Pageboy by Elliot Page Validating, cathartic, triggering, and absolutely fucking beautiful prose. Like, I want to read novels by this guy. His descriptions of internal and external landscapes are stunning and visceral. A great read especially if you're ftm because it's so familiar; especially if you're cis because it really unpacks and lays bare the intricacies of transness that are so difficult to communicate. It loses a bit of momentum in the eleventh hour, but it's a memoir so...you know, sometimes life is like that. Just read the thing.
Slouching Towards Bethlehem by Joan Didion I read this book for the first time in seventh grade; for the second time in sophomore year of high school; for the third time at 21. Reading it at 32 is so much more rewarding than all previous readings (I suspect I will feel this way about reading it at 32 when I read it again sometime around 47). The horrors within it feel more profound; the stakes are much higher. There's a tangible sense of dread from that time that feels almost comforting in its familiarity, as if to say, "History rhymes; we have been here before; it's not too late to turn it around." Really interesting examination of political/cultural group think, and the ways in which opposing sides born of the same puritanical cesspool feed one another in perpetuity. And of course, Didion's style of prose is evergreen.

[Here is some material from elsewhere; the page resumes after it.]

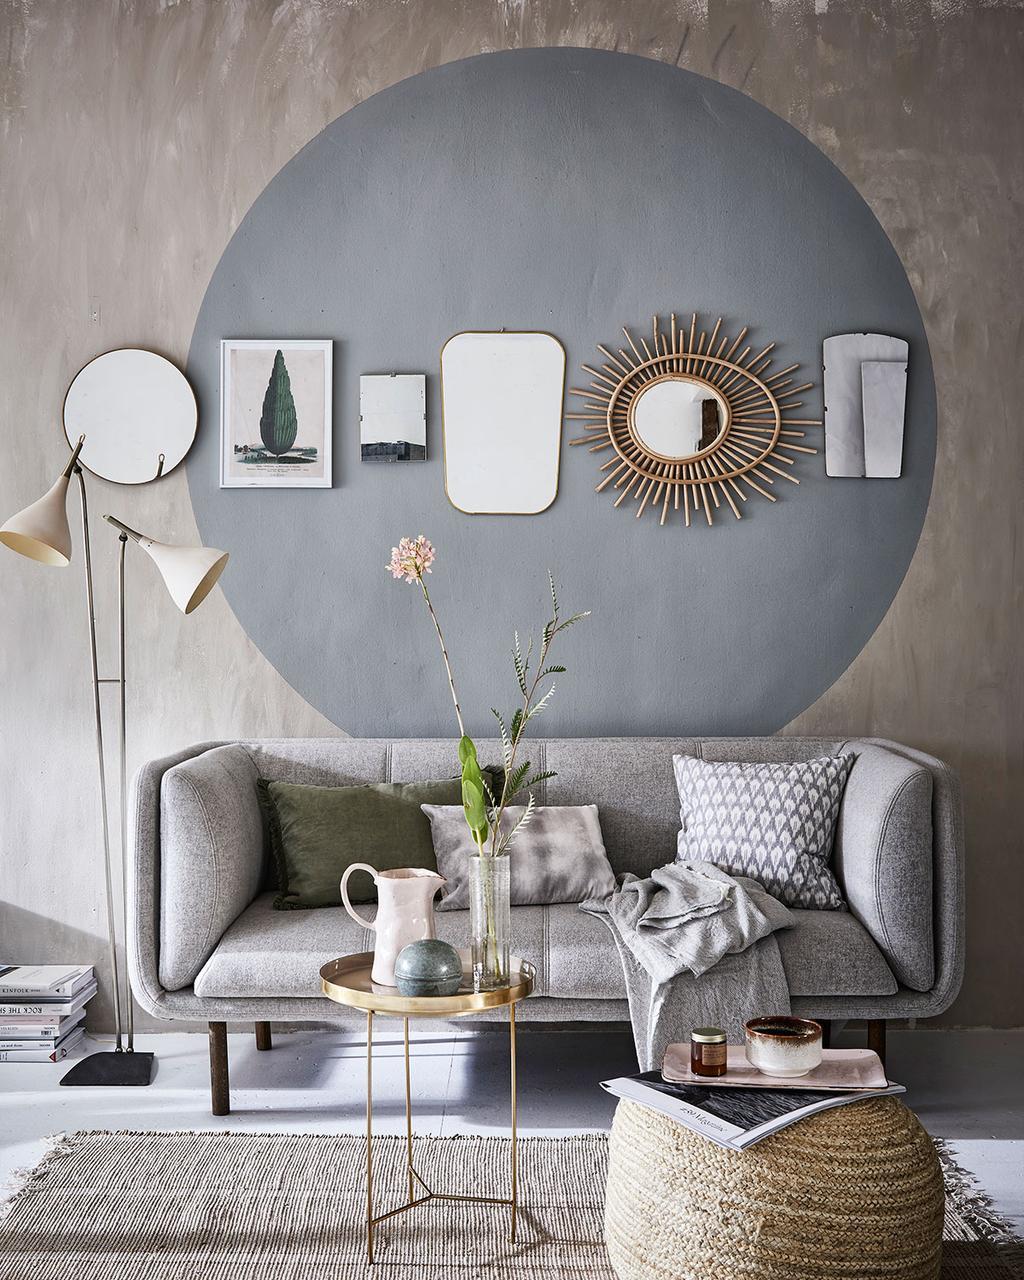 Woonkamer met grijze bank en spiegels in een verfcirkel

Real Americans by Rachel Khong I picked this up at a Target while on a trip to Idaho and enjoyed it immensely. The characters are compelling and for all my fellow aging millennials, the jokes will land because they are true and we have to laugh at our financial struggles or else we will have a collective nervous breakdown. My only complaint is that it feels like it should have been three separate books, and this is the only time I think I've ever felt that way. We're always complaining that a trilogy could have been condensed into a single work but for once, it would have been nice to get a richer, fuller story of each generation that the narrative follows.

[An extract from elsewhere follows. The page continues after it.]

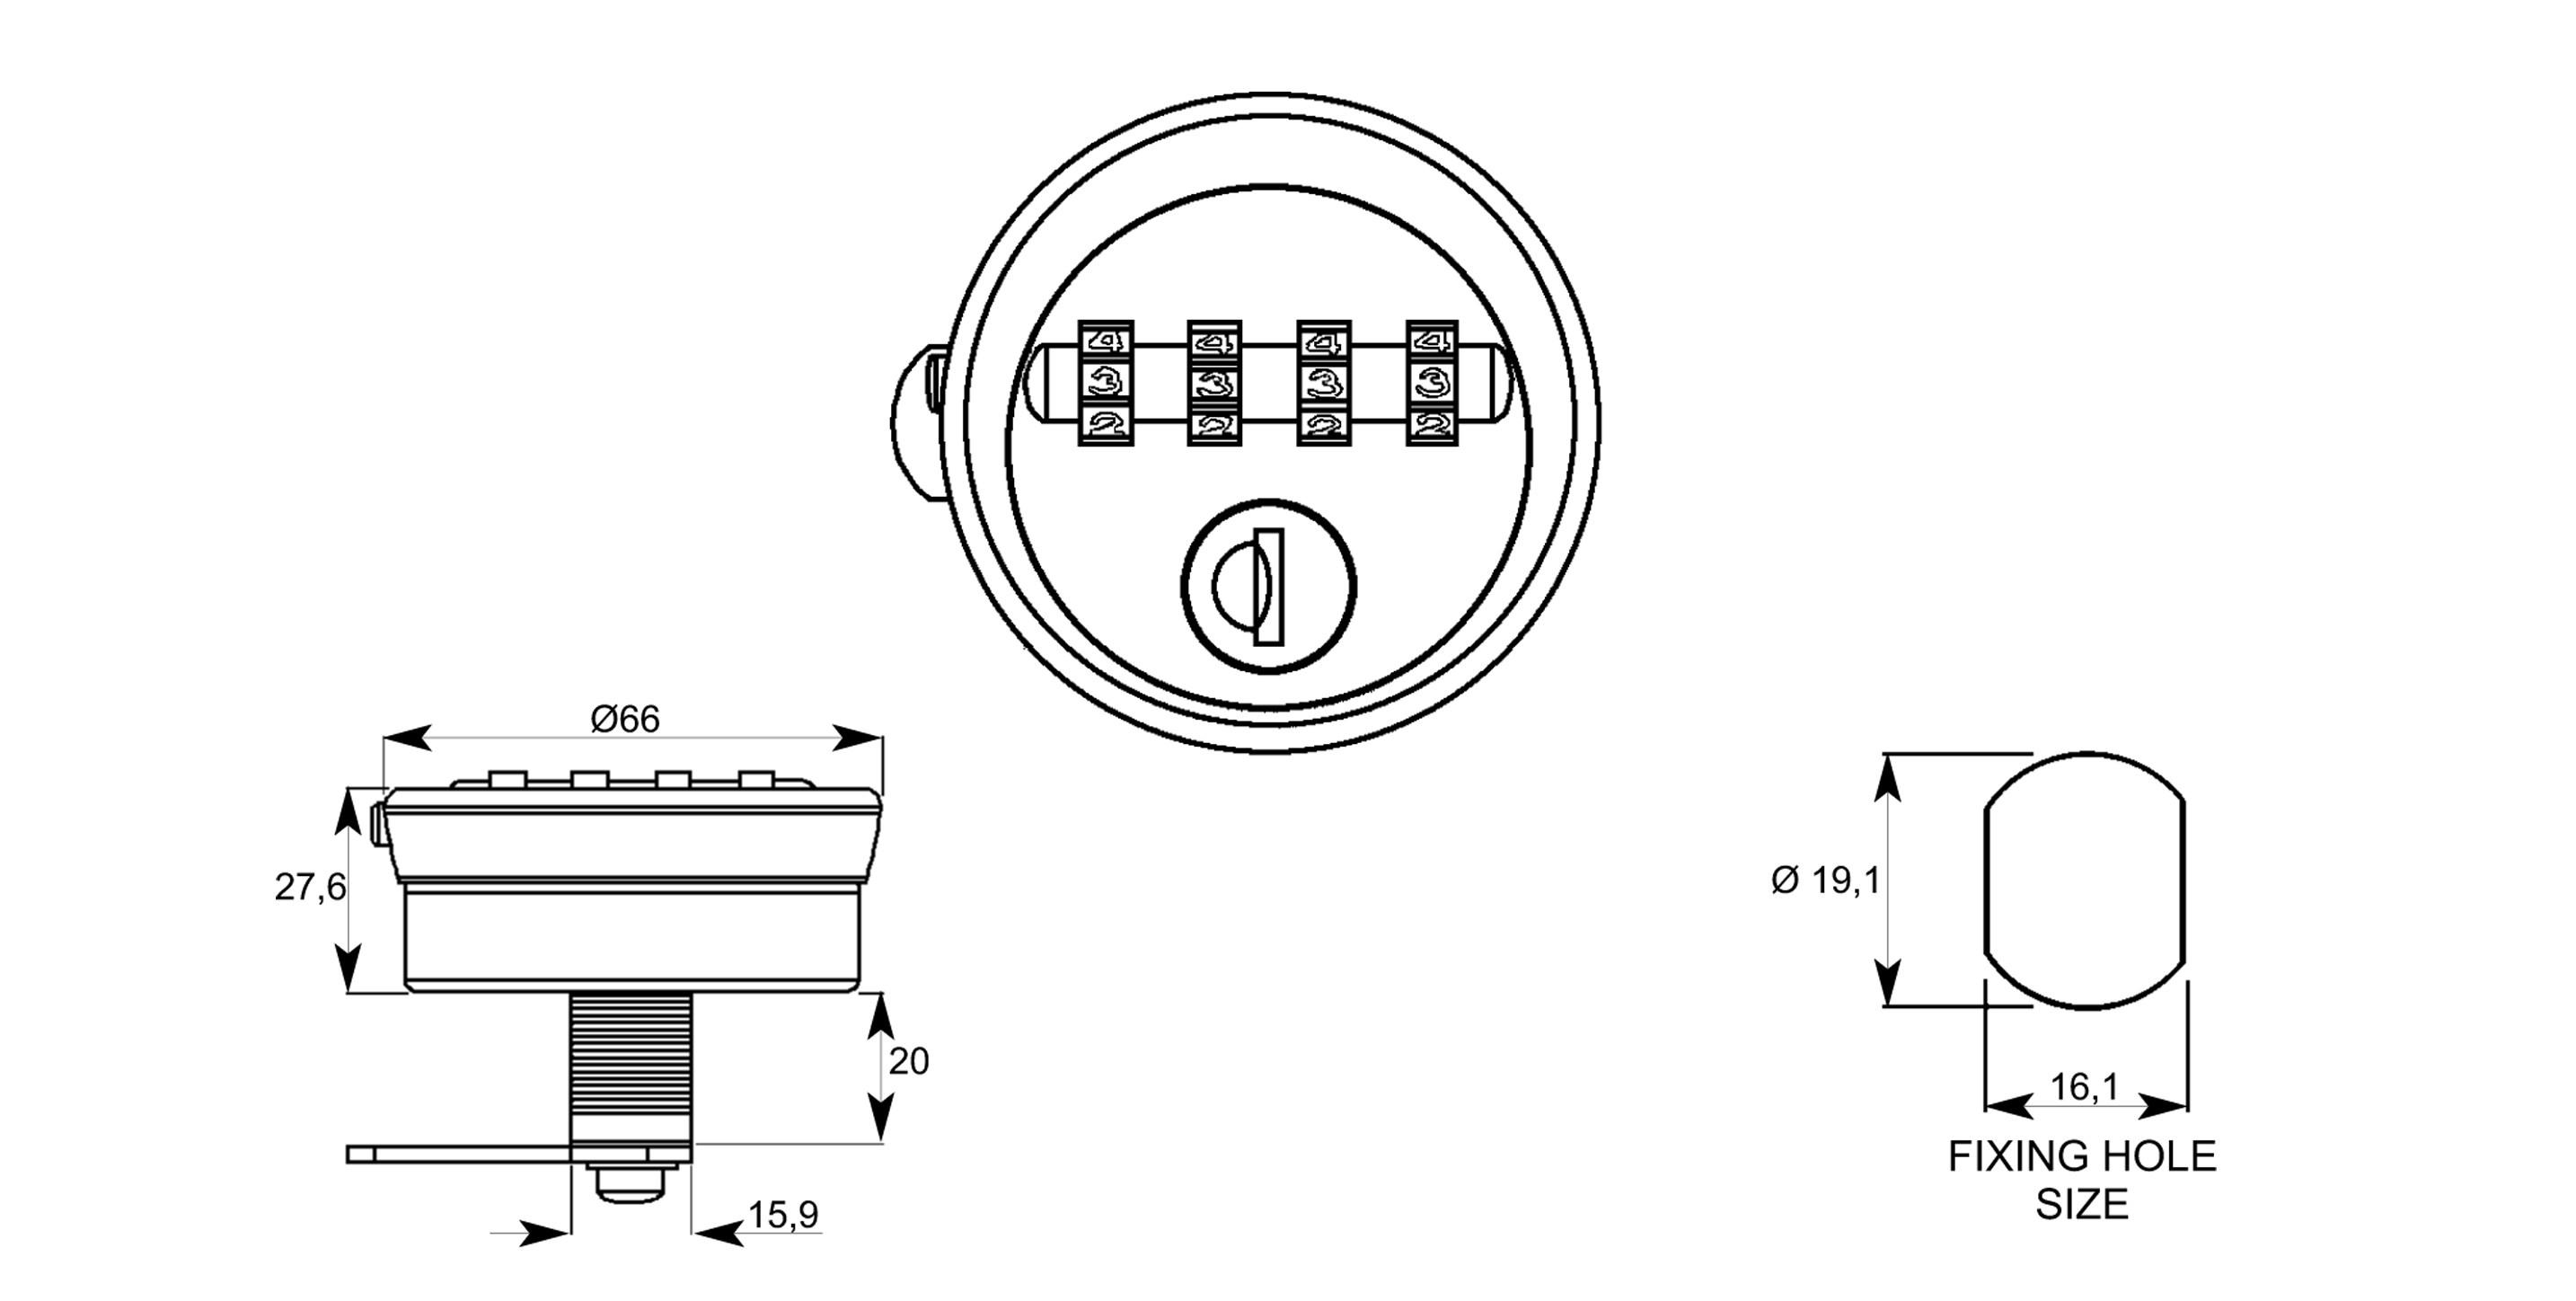 Bv Jeep Locker Wiring Diagram Electric Schematic Wiring

Bullshit Jobs: A Theory by David Graeber This is one of those books where the premise feels like, "Yeah, no shit" to anyone who has worked in the service, hospitality, or manufacturing industries, but there's a lot of good here! It's one thing to know something for anecdotal fact, another to be able to articulate it with data and a cohesive argument. Graeber's system of taxonomy isn't perfect, and his grasp of feminism falls short of ideal (his arguments implicitly condemn sex work while tokenizing sex workers), but generally, the concept is there. This is a useful book to have around if you're an undergrad student who needs a library of citation material for research and persuasive papers. I also think this is an excellent 'baby's first critique of economy' read - a good gift for parents who are exiting their late-life Libertarian phase. The holidays are around the corner!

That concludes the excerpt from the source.